Wednesday, September 4, 2013

The State Quarters Games

When I was a kid, I had a penny and nickel collection. I had a lot of fun looking for coins with dates to fill in the missing slots in my coin collection book. 

Then I got older and needed every nickel and dime to pay for grad school. I didn't pay attention to any coins except how they paid for my tuition, room, food, and books.

Fast forward to working, starting a family, and other hobbies. Coin collecting didn't fit in my schedule.
I didn't totally ignore our currency. I remember hearing about the state quarters, but figured that was a clever gimmick to get a lot of quarters out of circulation, and I just wasn't interested. 

However, now I've had a change of mind. It occurred to me that the state quarters would be a great way for Desert Boy to learn some geography. So we sorted through our change bowl and pulled out the state quarters.
 Oh my goodness, that writing and those images on the quarters sure are small! We pulled out a magnifying glass to get a better look.

 Of course Desert Girl wanted in on the action. Her first job was to sort the eagle quarters from all the other quarters. She did a fine job of that.

Then Desert Boy started looking at the quarters and finding where they belonged. We used our game board from Where in the USA is Carmen Sandiego (a wonderful thrift store find at $1!), but any large USA map would do.

 After we had gone through our change bowl, we found that we had quarters for 24 states.

I looked up some information about the state quarters and found it fascinating. The U.S. Mint issued the 50 state quarters from 1999 to 2008, with five a year. They made varying numbers of quarters, from 416,000 for Oklahoma up to 1.59 million for Virginia. The U.S. Treasury was against the project, citing the "Disneyfication" of the currency. But it's estimated that nearly half of U.S. citizens collected the quarters, with $3 billion made in profit, due to coins taken out of circulation (Wikipedia).

The quarters were issued in the order that the states ratified the constitution, and you can see illustrations of them all on Wikipedia.

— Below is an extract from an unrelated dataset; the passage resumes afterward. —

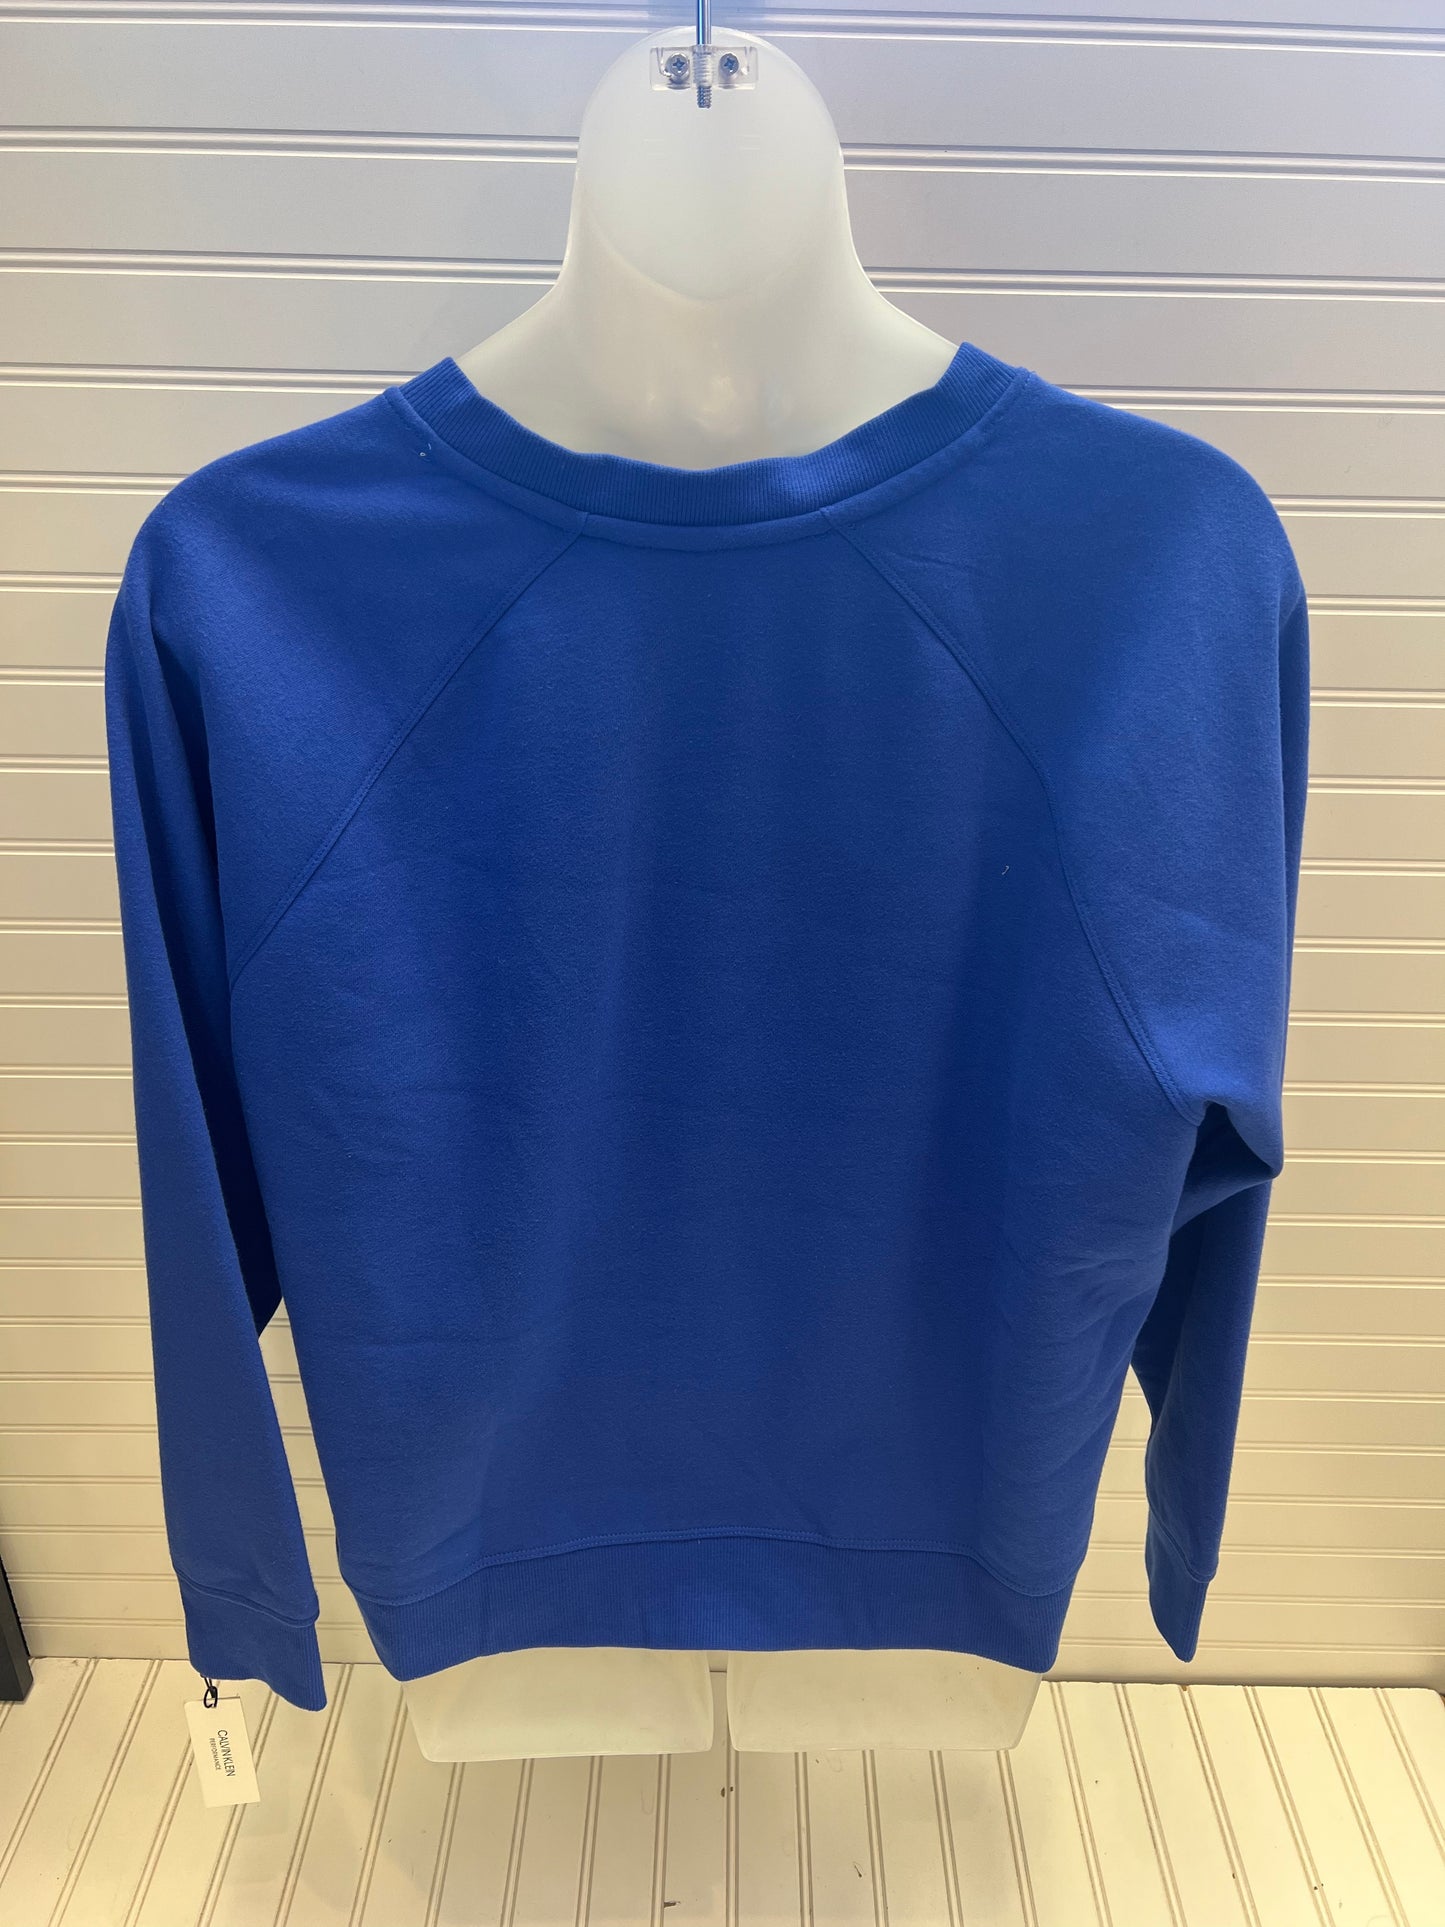 Sweatshirt Crewneck By Calvin Klein  Size: 2x

As we were going through the quarters, I noted one from Puerto Rico. What? That's not a state! It turns out that after the 50 states, quarters were issued for the District of Columbia and the U.S. Territories: Puerto Rico, Guam, American Samoa, U.S. Virgin Islands, and Northern Mariana Islands. We don't even think about the territories much, so these quarters (which were issued in relatively small numbers) are a little reminder of where U.S. money is going (and perhaps where you should plan a vacation if you don't want to get a passport?).

We also found some quarters with places like Mount Hood, Chickisaw, Gettysburg, and my favorite, Great Basin. These are part of the America the Beautiful quarters, which started in 2010 and issues five quarters a year, one of a beautiful place (often a national park) in each state or territory.

You can find out more about all these programs, plus access curriculums at the U.S. Mint website.

In the meantime, we raided a piggybank and found even more state quarters, so we're now up to 45. Desert Boy can't wait to find the Texas quarter. And he knows where on the map it goes.

We like to play different games with the state quarters.

1. Race to put five quarters on the map. (2 to 10 players) Each player gets five quarters, and then when the time starts, puts the quarters on the correct state as fast as possible. First player wins.

2. Locate the state in order of joining the U.S. (one or multiple players, one person to read the order).  Using information from the Wikipedia website, have the player(s) find the states in the order they ratified the Constitution, picking up the quarters as they find them. Do you know which was first? (Hint: this state quarter has Caesar Rodney on it.)

3. Locate the states in alphabetical order. (one or multiple players, one person to read the order).
Using information from the U.S. Mint website, have the player(s) find the states in alphabetical order, picking up the quarters as they find them.

4. Find how many state quarters have horses on them. Or airplanes. Or ships. Or flowers. Or birds. Or words in other languages. Or people. Or outlines of states. Or their state nicknames. Or their state mottoes. This is a great game to really look at the different quarter designs and study them.

5. Pick your favorite quarter design and explain why you like it! Everyone is a winner in this game!

If you'd like to play some more games, the U.S. Mint has a game page!